- Born: Fawzia Zahiruddin Babar 14 July 1942 Shimla, British Raj, British India
- Died: 23 June 1968 (aged 25) Philadelphia, United States
- Other names: First Lux Lady of Pakistan Lux Lady Fouzia Hai Fouzia Saeed Hai
- Occupation: Model
- Years active: 1956–1968
- Spouse: Khwaja Saeed Hai ​ ​(m. 1960; died 1968)​ (husband)
- Children: 4
- Parent(s): Sahibzada Mirza Zahiruddin Babar (father) Qamar Begum (mother)
- Relatives: Raju Jamil (cousin)

= Fawzia Saeed Hai =

Pakistani model (1942–1968)

Fawzia Saeed Hai (Urdu: فوزیہ سعید حی; July 14 1942 – 23 June 1968) was a prominent Pakistani model in the mid 1950s and 1960s, widely celebrated as the country's first "Lux Lady". Considered the leading female model of her era, her career was noted for defining the image of beauty and grace in early Pakistani media.

== Early life ==
Fawzia Saeed Hai was born on July 14, 1942, in Shimla, British India. She hailed from the educated and sophisticated Loharu family, a former princely state family. Her father was Sahibzada Mirza Zahiruddin Babar and her mother was Qamar Begum.

== Career ==
Fawzia began her modeling career at a young age, becoming the first model to be featured in the popular Lux soap advertisements in Pakistan when she was just 16 years old. Her face quickly became synonymous with the brand, and her image was featured prominently on billboards across the country.

A notable moment in her career occurred during Queen Elizabeth II's royal visit to Pakistan in January 1961. Fawzia was one of the models selected to participate in a special fashion show arranged for Her Majesty, which showcased "fine dresses of the region". The event was a high-profile diplomatic affair.
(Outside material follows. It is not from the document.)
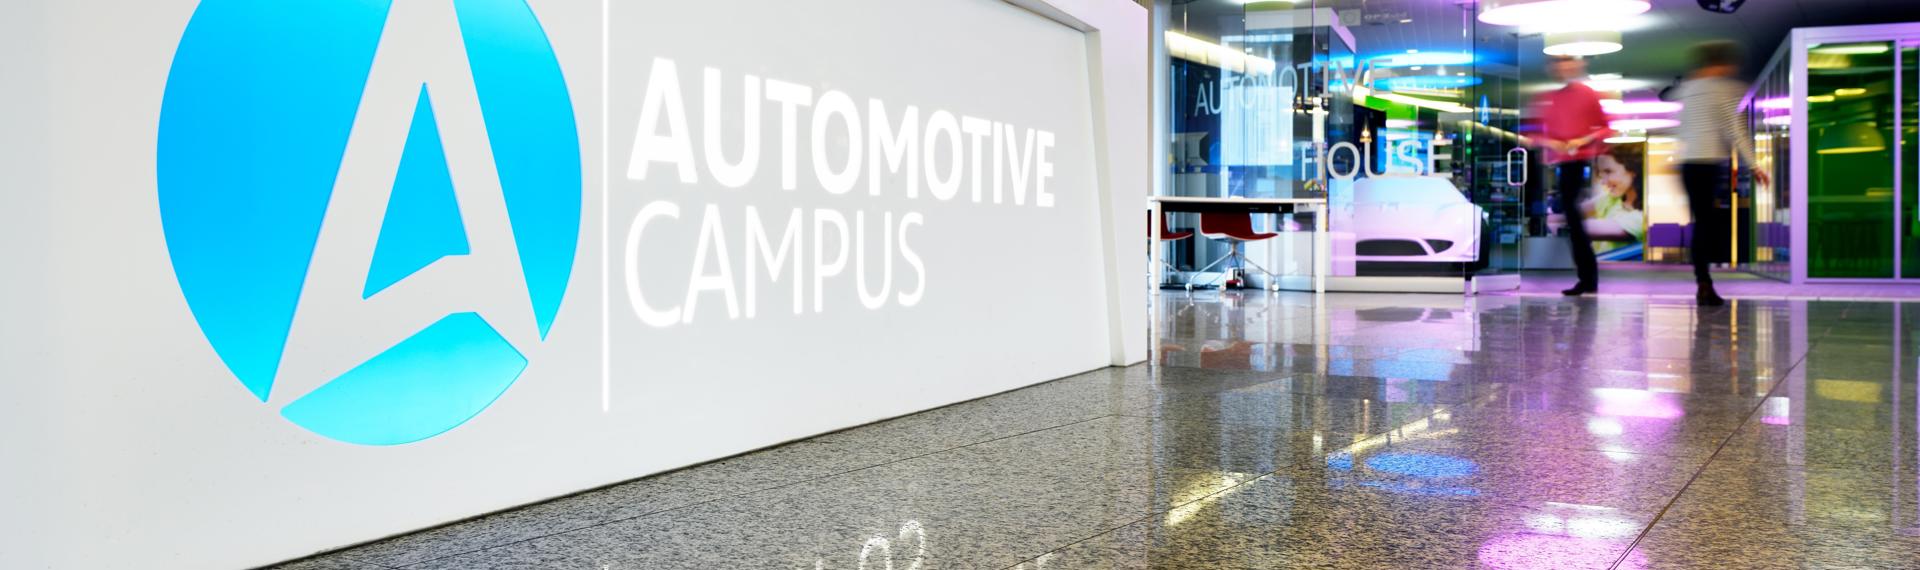 The Automotive Campus in Helmond is a breeding ground for innovations in the mobility field

She was highly sought after for numerous press and media modeling campaigns and was the face of several major consumer brands in the 1960s, including Lux, Dalda, Jan-e-Saba Soap, Bano Banaspati, Tullo and Dew.

== Personal life ==
She married Pakistan's ace tennis champion, Khwaja Saeed Hai, in the 1960. They remained married until her death and had four children together: three daughters and one son.

== Illness and death ==
Fawzia Saeed Hai died suddenly on June 23, 1968, in Philadelphia, United States, just three weeks shy of her 26th birthday. She died while swimming at a friend's house in Philadelphia. She suffered an asthma attack while in the pool and drowned. She died due to aneurysm which occurred while she was swimming.

== Tribute ==
Fawzia's close friend poet Taufiq Rafat, a close family friend, wrote a poem titled "Poem for Fawzia" in her memory.

== Public image ==
Hai was known for her serene beauty, grace, and elegant, sophisticated persona, which made her a "darling" of the public and press.